I’ve received many questions about Wichita State’s basketball schedule in recent weeks. WSU’s strength of schedule (according to Jerry Palm at collegerpi.com) ranks No. 121. Its opponents winning percentage ranks No. 300. Those two factors are big negatives in WSU’s NCAA Tournament at-large resume. Five teams with an RPI ranked No. 250 or lower represent the big problem.
This caused fans to wonder why WSU didn’t schedule tougher. Or they want to know what WSU can do to schedule in the future. After talking to people around WSU and the MVC, here’s some issues to consider.
- There is not much room on the future schedules. WSU is locked into the MVC-MWC Challenge and BracketBusters (a two-game commitment again in 2011-12). It signed a four-season deal with Tulsa. It likes to play at least four guarantee games at home. UMKC is a regular on the schedule. It has the Maui Invitational and LSU (neutral site) next season. With all those commitments, open dates are hard to find in the coming seasons.
- The Shockers scheduled appropriately for this season after going 17-17 and 11-20 in Gregg Marshall’s first two seasons. More than anything, WSU needed to win. WSU lost a Division I opponent when CBE Classic organizers couldn’t replace Illinois-Chicago and forced Division II Arkansas-Monticello on WSU. Iowa’s poor season is an unforeseen factor dragging down WSU. In retrospect, it would have been nice to pick up a stronger opponent or two to help the NCAA resume.
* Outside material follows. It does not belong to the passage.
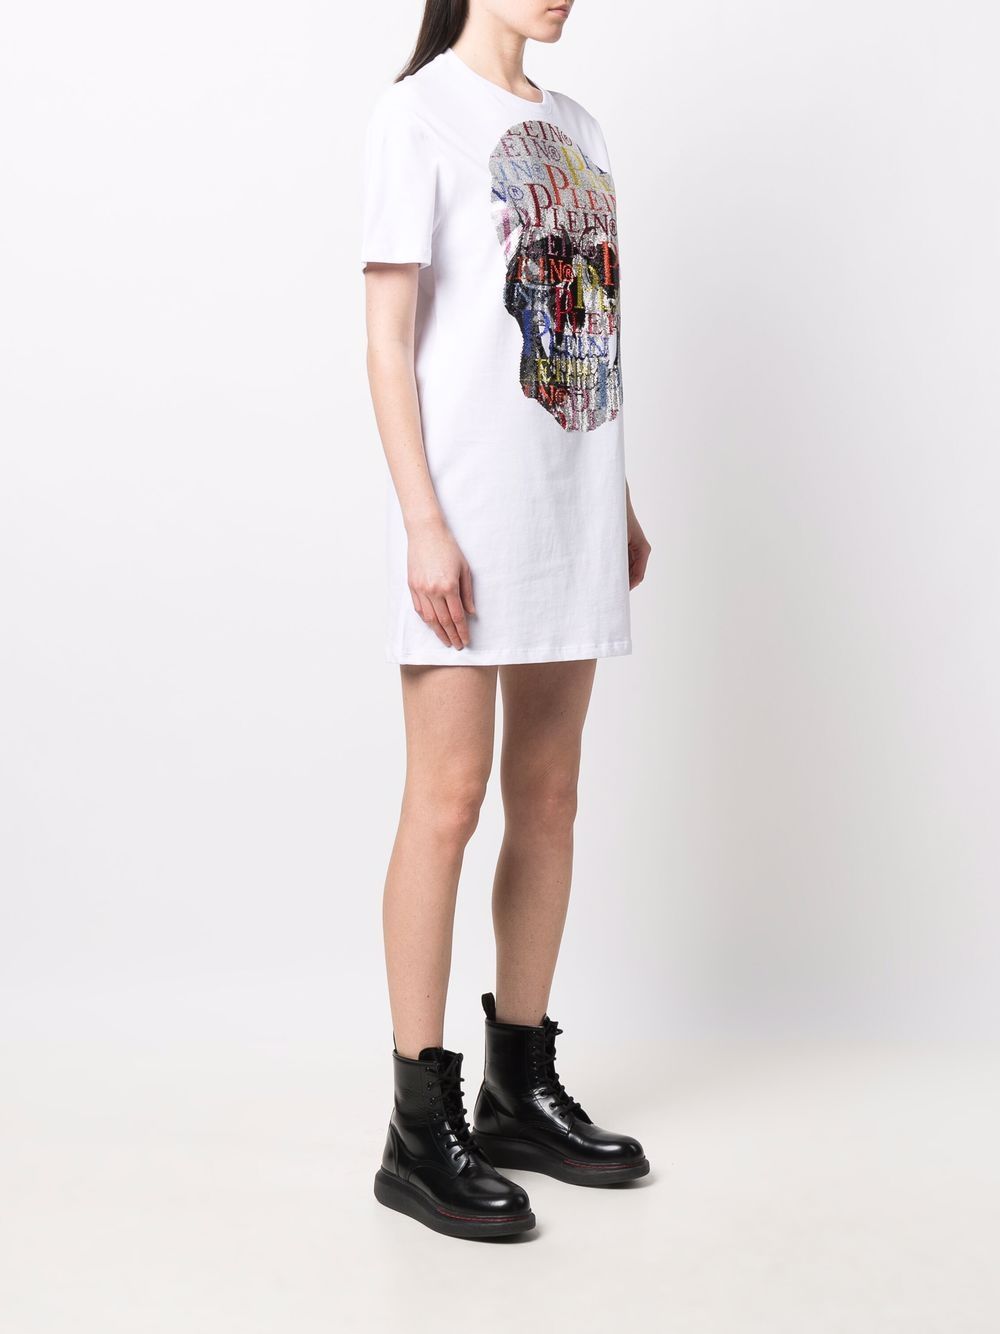 Shop Philipp Plein Skull rhinestone logo T-shirt dress with Express ...

When the schedule was put together, the program was in a different spot.
- Guarantee games are hard to find. The good guarantee game – an opponent likely to win a lot of games in a low-major conference and willing to travel for a check – are even more difficult to land. WSU, because of geography, is playing from behind. WSU’s guarantee opponents (Alcorn State, North Dakota State, Texas Southern, South Carolina-Upstate ) were awful. Decent ones are expensive and much sought after.
- Perception matters. Some fans think WSU should go on the road to a national power without a return, or sign a 2 for 1 deal. First, that doesn’t fit how WSU (or most MVC schools) want to think of themselves. Being a road donkey is something low-major programs do. Since college teams win around 70 percent of their home games, it’s not a good way to build a winning record or a good RPI. Second, it cheats season-ticket holders who want to see good games at home. Third, If WSU agrees to play Duke with no return, then won’t Texas Tech want the same deal? Fourth, Duke isn’t looking to play one game in Wichita. Those level schools rarely play road games, and most don’t want to come to Koch Arena even in a 2-for-1 deal. Does WSU want to sell itself out to the next level of programs? That’s not to say those scenarios are dismissed outright. It is saying WSU (and MVC schools) aren’t going to do those things regularly. For the right price in the right situation, perhaps. The Syracuse trip worked out great for WSU in 2006-07. Usually, the road team walks away with a loss and it’s hard to convince coaches that’s a good thing as a matter of policy.
- SOS shouldn’t be a problem next season with Tulsa, LSU, a good MWC team and the loaded Maui field on the schedule.